One more thing I wouldn't worry about the real skin not being legal. Not saying that I like to break the law, I'd just use it (especially after the 20 bones!)


----------



## Jigz (Sep 30, 2007)

The Banjo Minnows Rock! I still have about 2 dozen of them. I used them at Pineview and caught some really nice fish, and consistently. The best part was that they were pretty cheap. I think I got like 100 lures and who knows how many rigs and hooks, and they worked great. Do they still sell them?


----------



## LOAH (Sep 29, 2007)

I see the infomercial all the time on TV. They sell something like 100 pcs for the low, low, price of just $19.99!!!  That's right folks! Act now, before midnight, and get this special introductory offer!!!

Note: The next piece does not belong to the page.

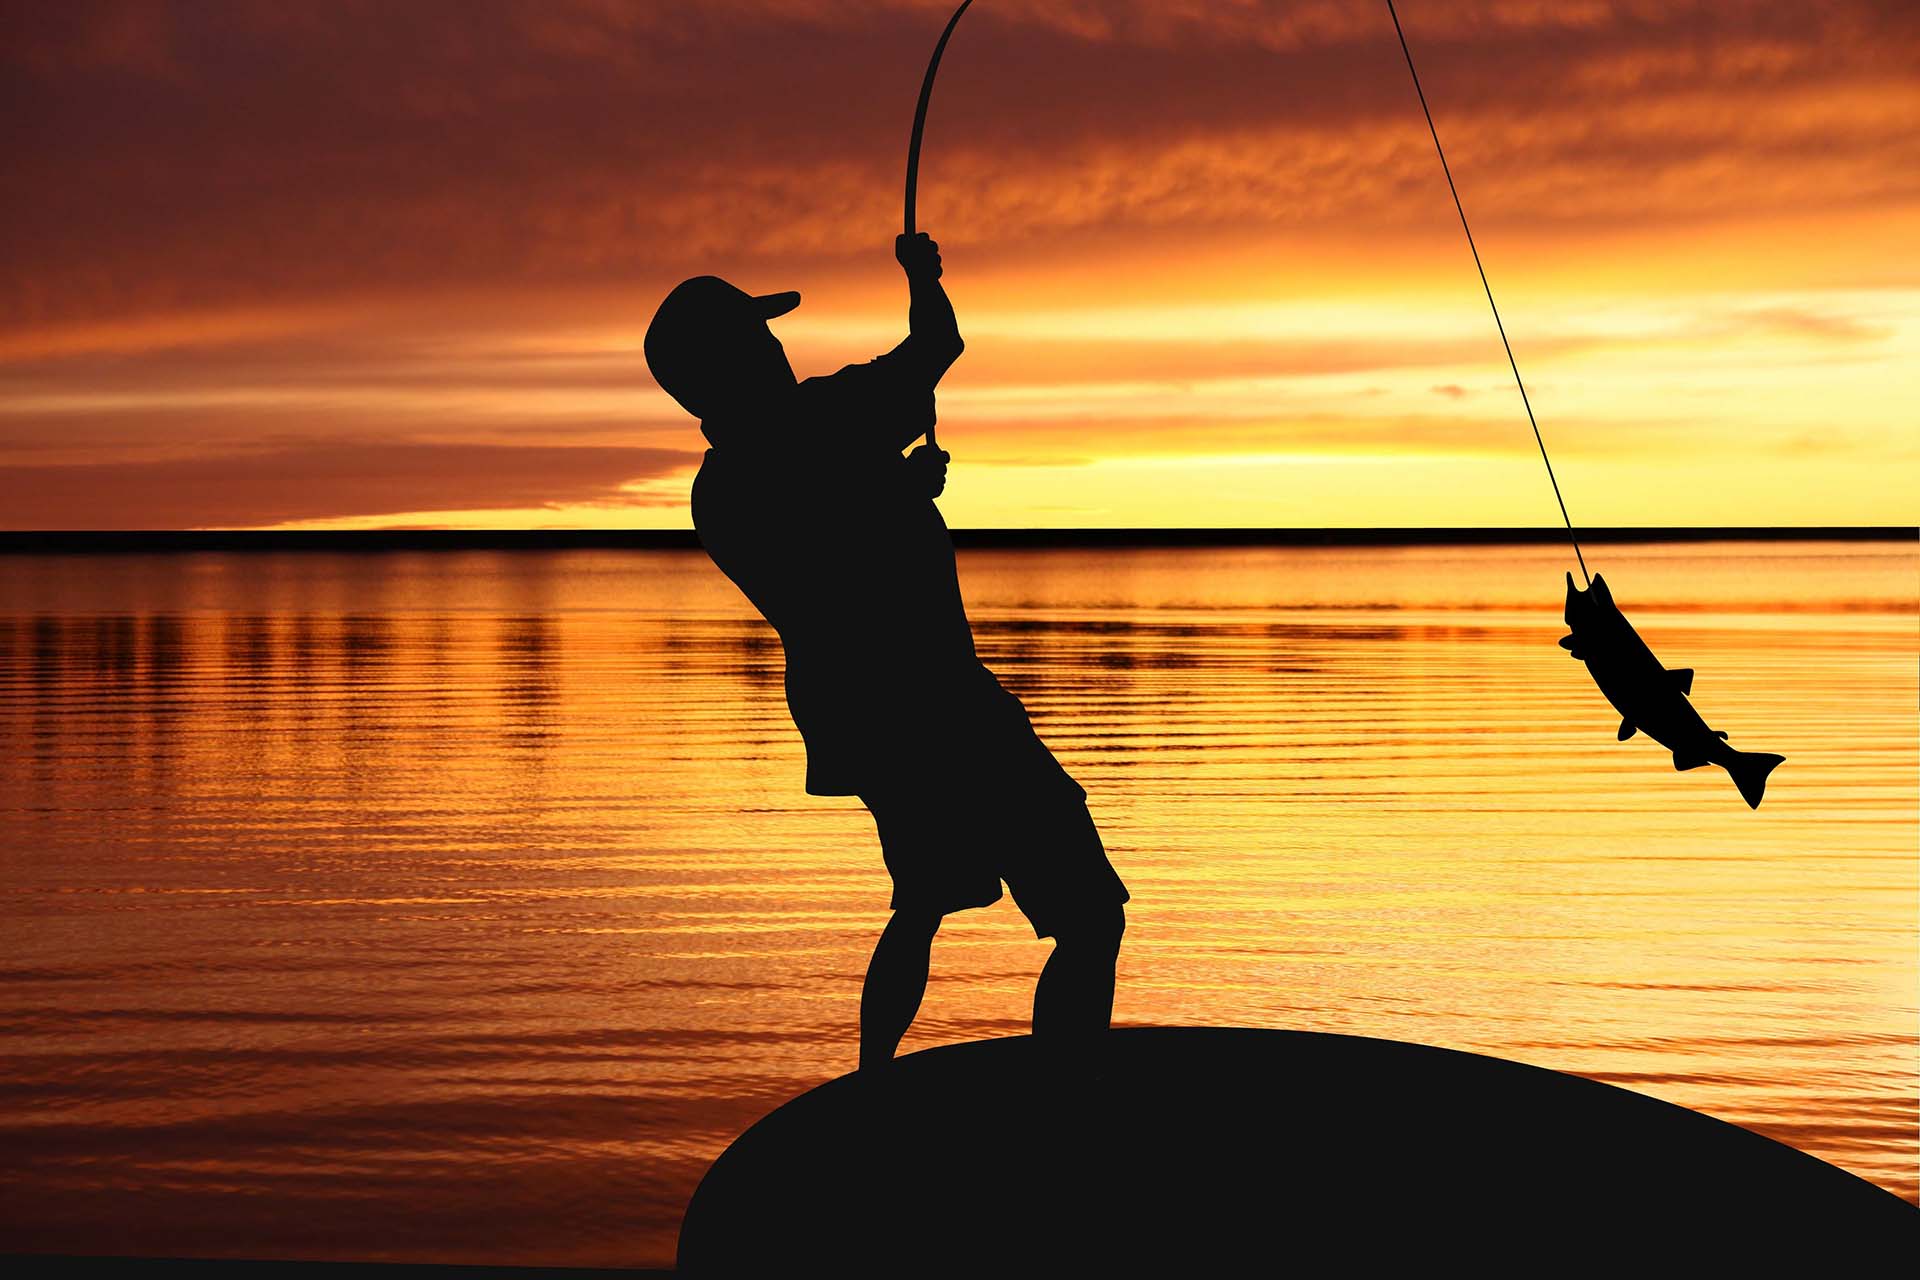 fisherman catching fish during the sunrise

But wait! There's more! Call now and get a free wife-beater and a case of Milwaukee's Best.

(Just kidding about the last part...I actually think that the 100 pc set is a great deal.)


----------



## orvis1 (Sep 7, 2007)

LOAH said:


> I see the infomercial all the time on TV. They sell something like 100 pcs for the low, low, price of just $19.99!!!  That's right folks! Act now, before midnight, and get this special introductory offer!!!
> 
> But wait! There's more! Call now and get a free wife-beater and a case of Milwaukee's Best.
> 
> (Just kidding about the last part...I actually think that the 100 pc set is a great deal.)


I just spit some of my drink all over my computer, thanks LOAH. Everyone is wondering what I was cracking up at...


----------



## STEVO (Sep 13, 2007)

:lol: I sure hope the Banjo Minnow works cause I just bought a 110 piece.

http://www.banjominnow.com/

I sure wish I would have seen the info-mercial so I could have gotten the free wifebeater







:lol: :lol:

Did I mention that Im a sucker for Fishing things -#&#*!- :rotfl:


----------